Court of Appeals of Kentucky

September 27, 2013

JOHN H. RUBY APPELLANT
v.
MARCIA SCHERZER APPELLEE

APPEAL FROM JEFFERSON CIRCUIT COURT HONORABLE A. C. MCKAY CHAUVIN, JUDGE ACTION NO. 11-CI-403756

BRIEFS FOR APPELLANT: John H. Ruby

BRIEF FOR APPELLEE: Stephen P. Imhoff

BEFORE: LAMBERT, MOORE, AND VANMETER, JUDGES.

OPINION

LAMBERT, JUDGE:

Attorney John H. Ruby has appealed from the October 1, 2012, order of the Jefferson Circuit Court denying his motion to alter, amend, or vacate the court's August 29, 2012, order granting his former client Marcia Scherzer's motion to set aside a summary judgment, remanding a commissioner's sale, and dismissing his action. Because we agree with the circuit court that Ruby misapplied Kentucky Revised Statutes (KRS) 376.460, the attorney's lien statute, we affirm.

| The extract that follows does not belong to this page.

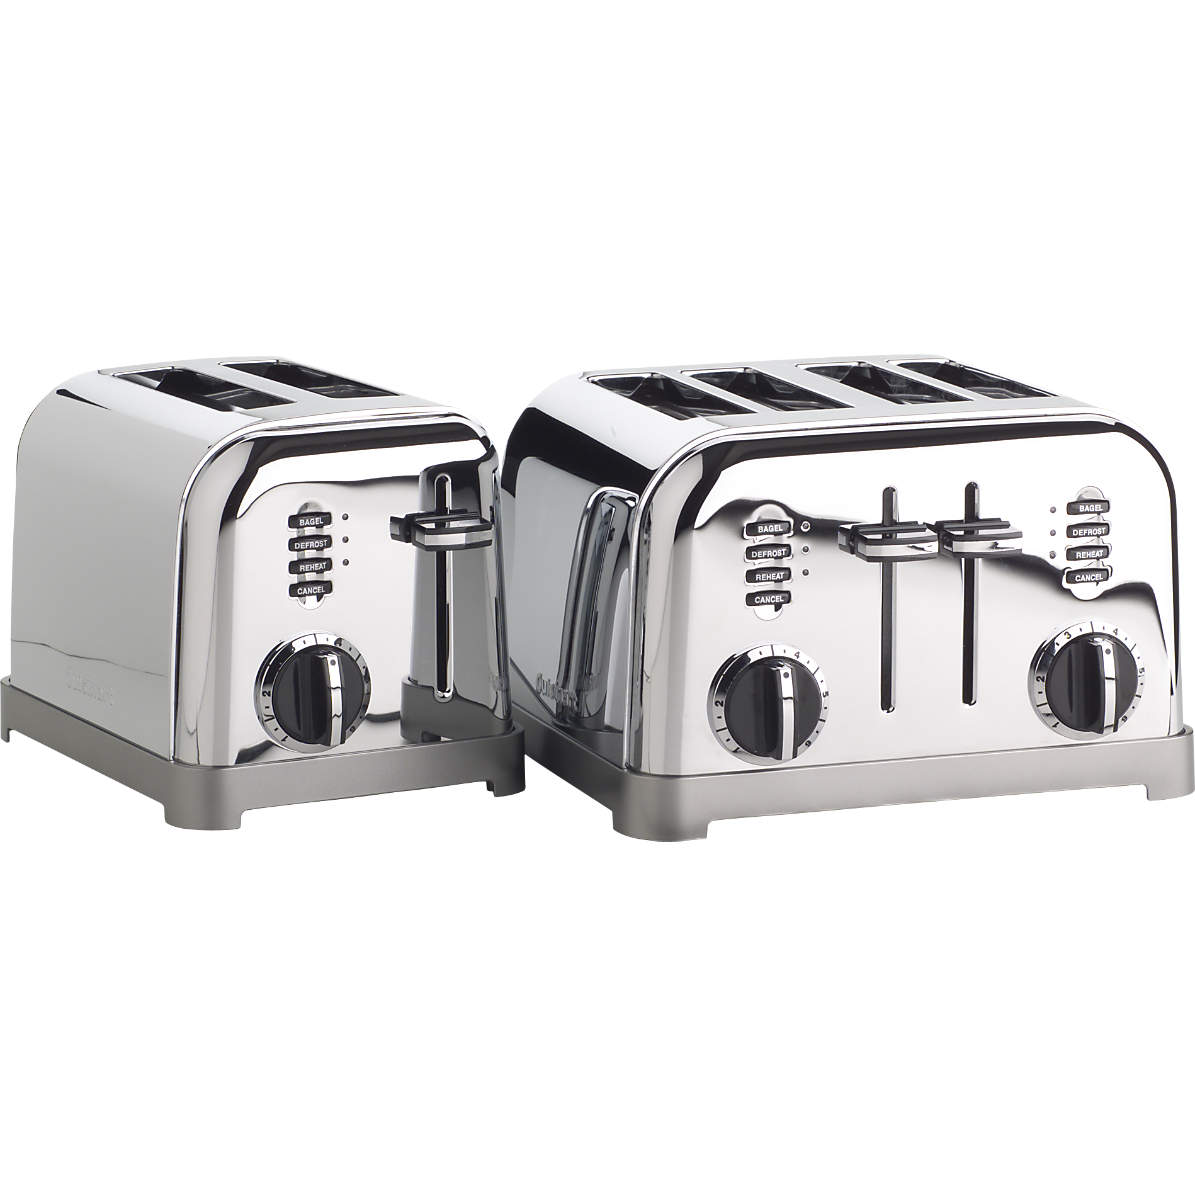 Detail Images Of Toasters Nomer 10

In October 2011, Ruby, a licensed and practicing attorney, filed a foreclosure action against Scherzer, whom Ruby had represented in a dissolution action filed by her husband, Frank Scherzer. In the complaint, Ruby sought to enforce an attorney's lien he filed in the Jefferson County Clerk's office on September 16, 2011, on real property owned by Scherzer that he claimed had been the subject of the litigation for which he had been representing her. Ruby filed the lien to protect his claim for attorney fees, which totaled $13, 502.84, plus 18% interest pursuant to their agreement, and he stated that he mailed the lien to Scherzer the date that he filed it. Ruby requested that the property be sold by the Master Commissioner to pay his lien. On November 21, 2011, Scherzer filed a pro se response to the complaint, disputing that she owed any additional attorney fees to Ruby and stating that she had already paid him more than $8, 000.00 to represent her in the dissolution action and had filed a complaint against him with the Kentucky Bar Association. She listed 5301 Layne Road in Louisville as her address.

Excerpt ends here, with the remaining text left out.